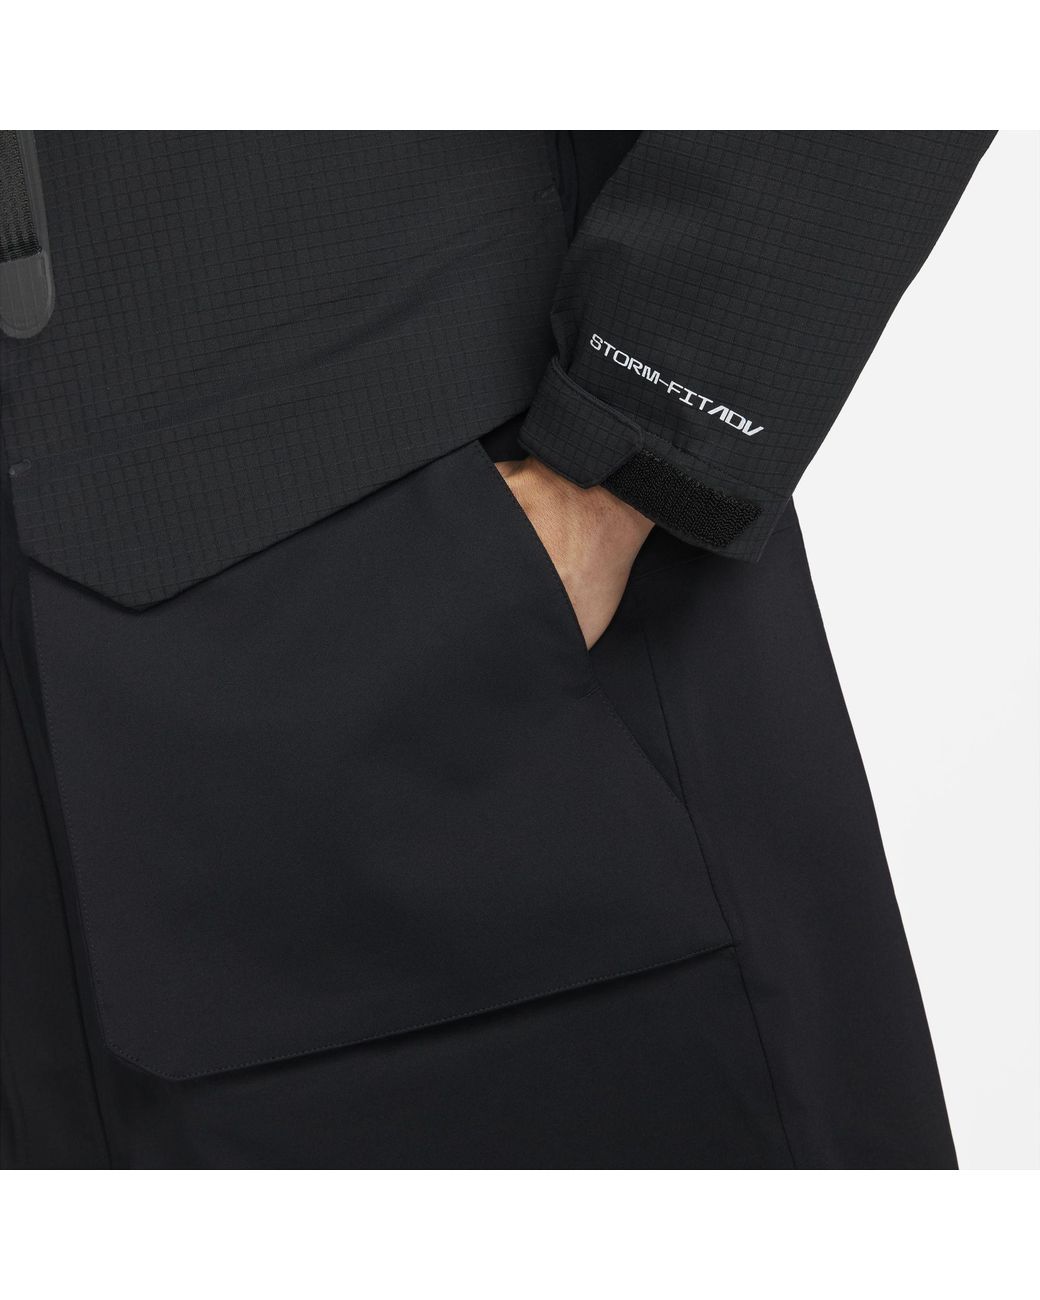 Nike Sportswear Storm-fit Adv Tech Pack 3-in-1 Parka in Black for Men |  Lyst Australia
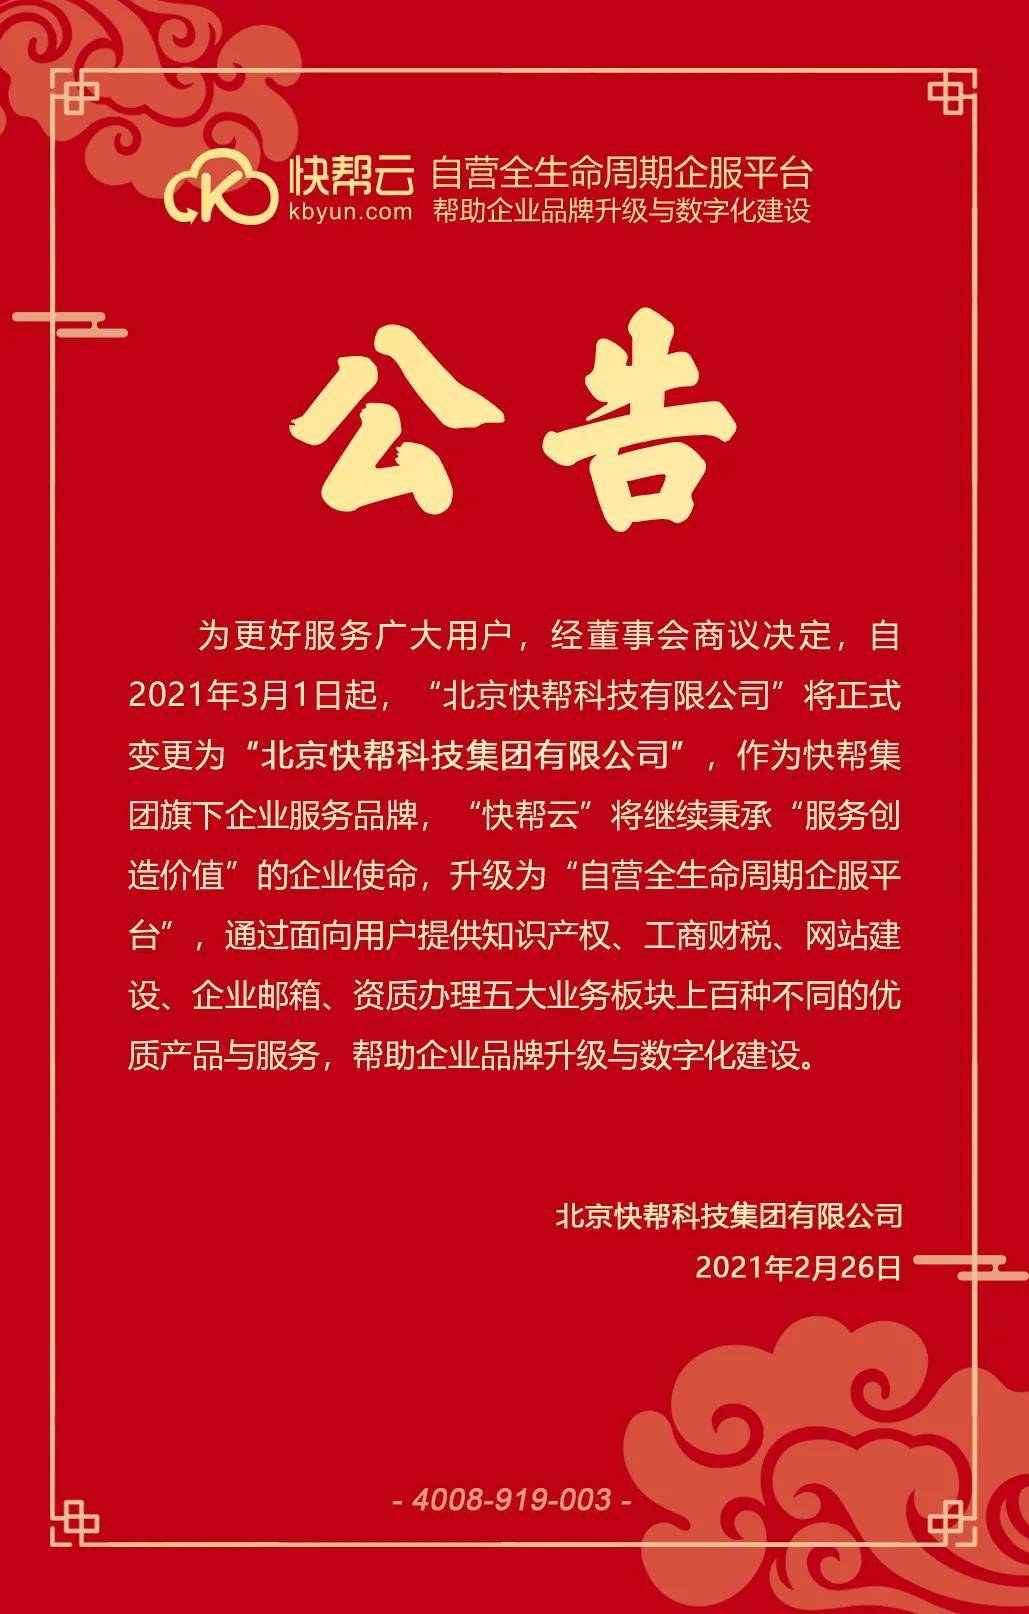 公告"北京快帮科技有限公司"将正式变更为"北京快帮科技集团有限公司
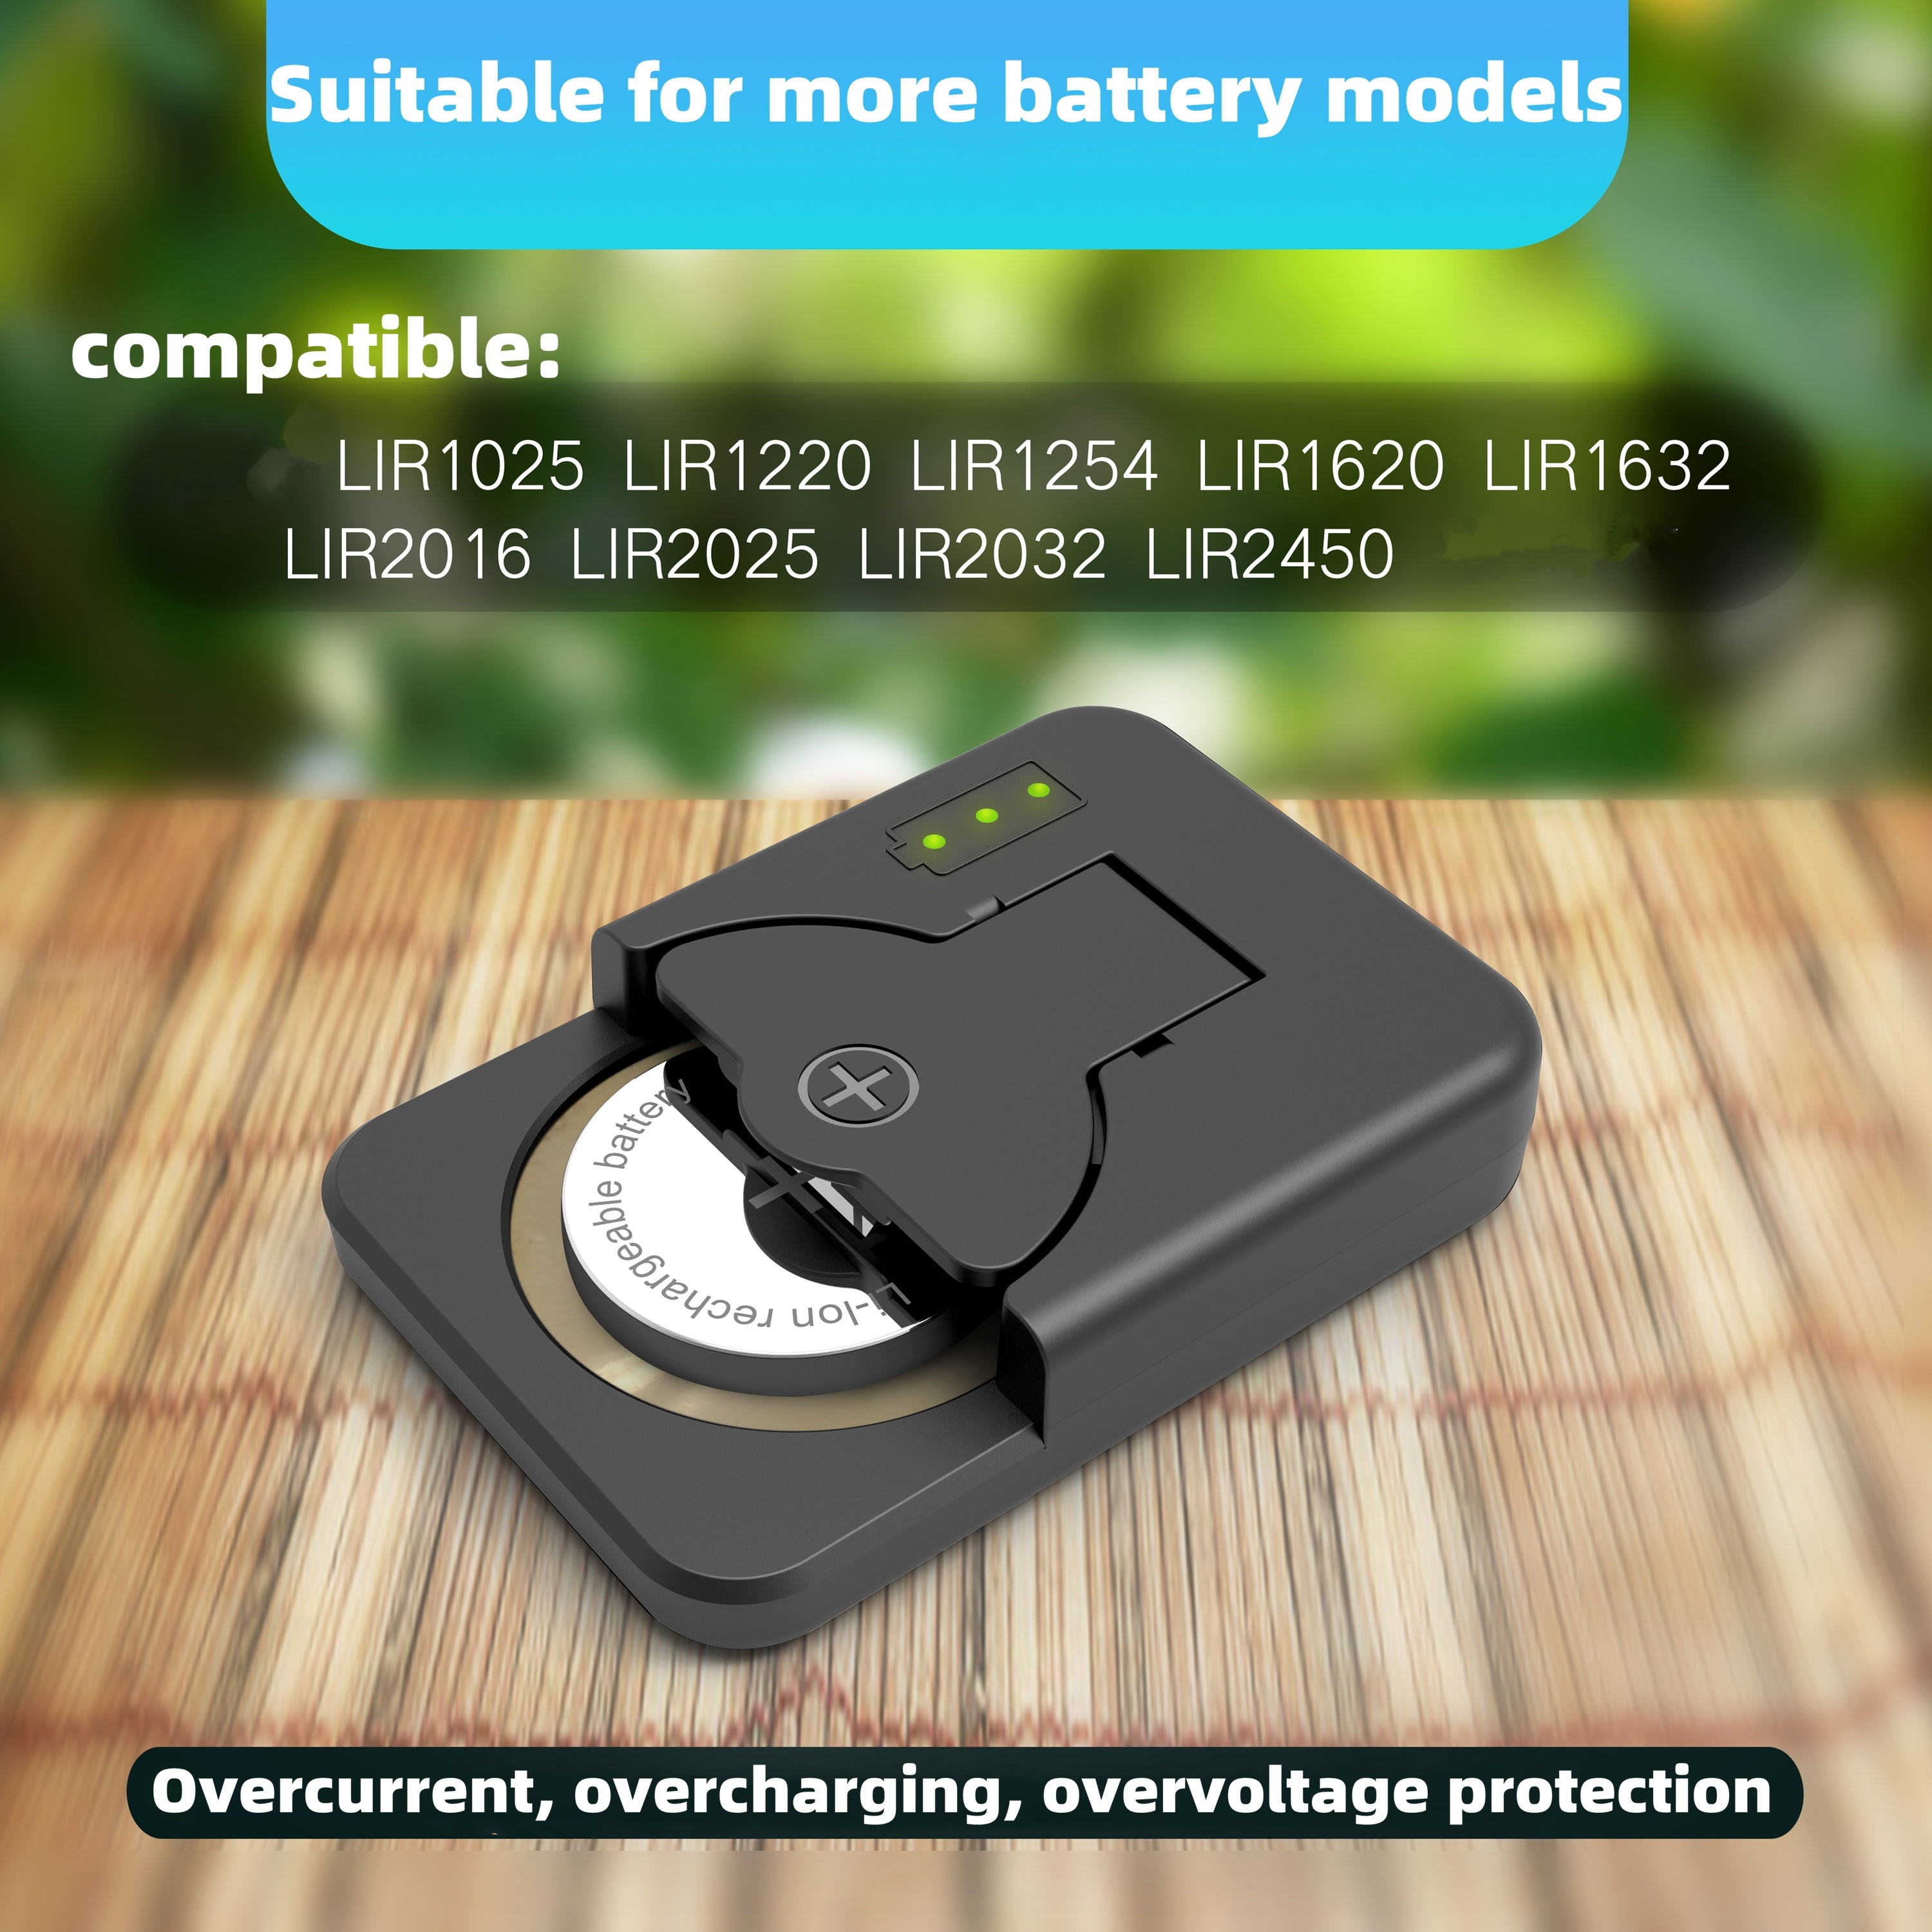 

Button Battery Charger For Lir1025 Lir1220 Lir1254 Lir1620 Lir2016 Lir2025 Lir2032 Lir2450 With Type-c Charging Interface Convenient Use Wide Application

#####

#### [REQUIRED ACTION]
Every line of the listing must be reproduced exactly, though the pictures are to be left out.

#### [ANSWER FOR THE TASK]
 Nike Sportswear Storm-fit Adv Tech Pack 3-in-1 Parka in Black for Men |  Lyst Australia
 公告"北京快帮科技有限公司"将正式变更为"北京快帮科技集团有限公司

Button Battery Charger For Lir1025 Lir1220 Lir1254 Lir1620 Lir2016 Lir2025 Lir2032 Lir2450 With Type-c Charging Interface Convenient Use Wide Application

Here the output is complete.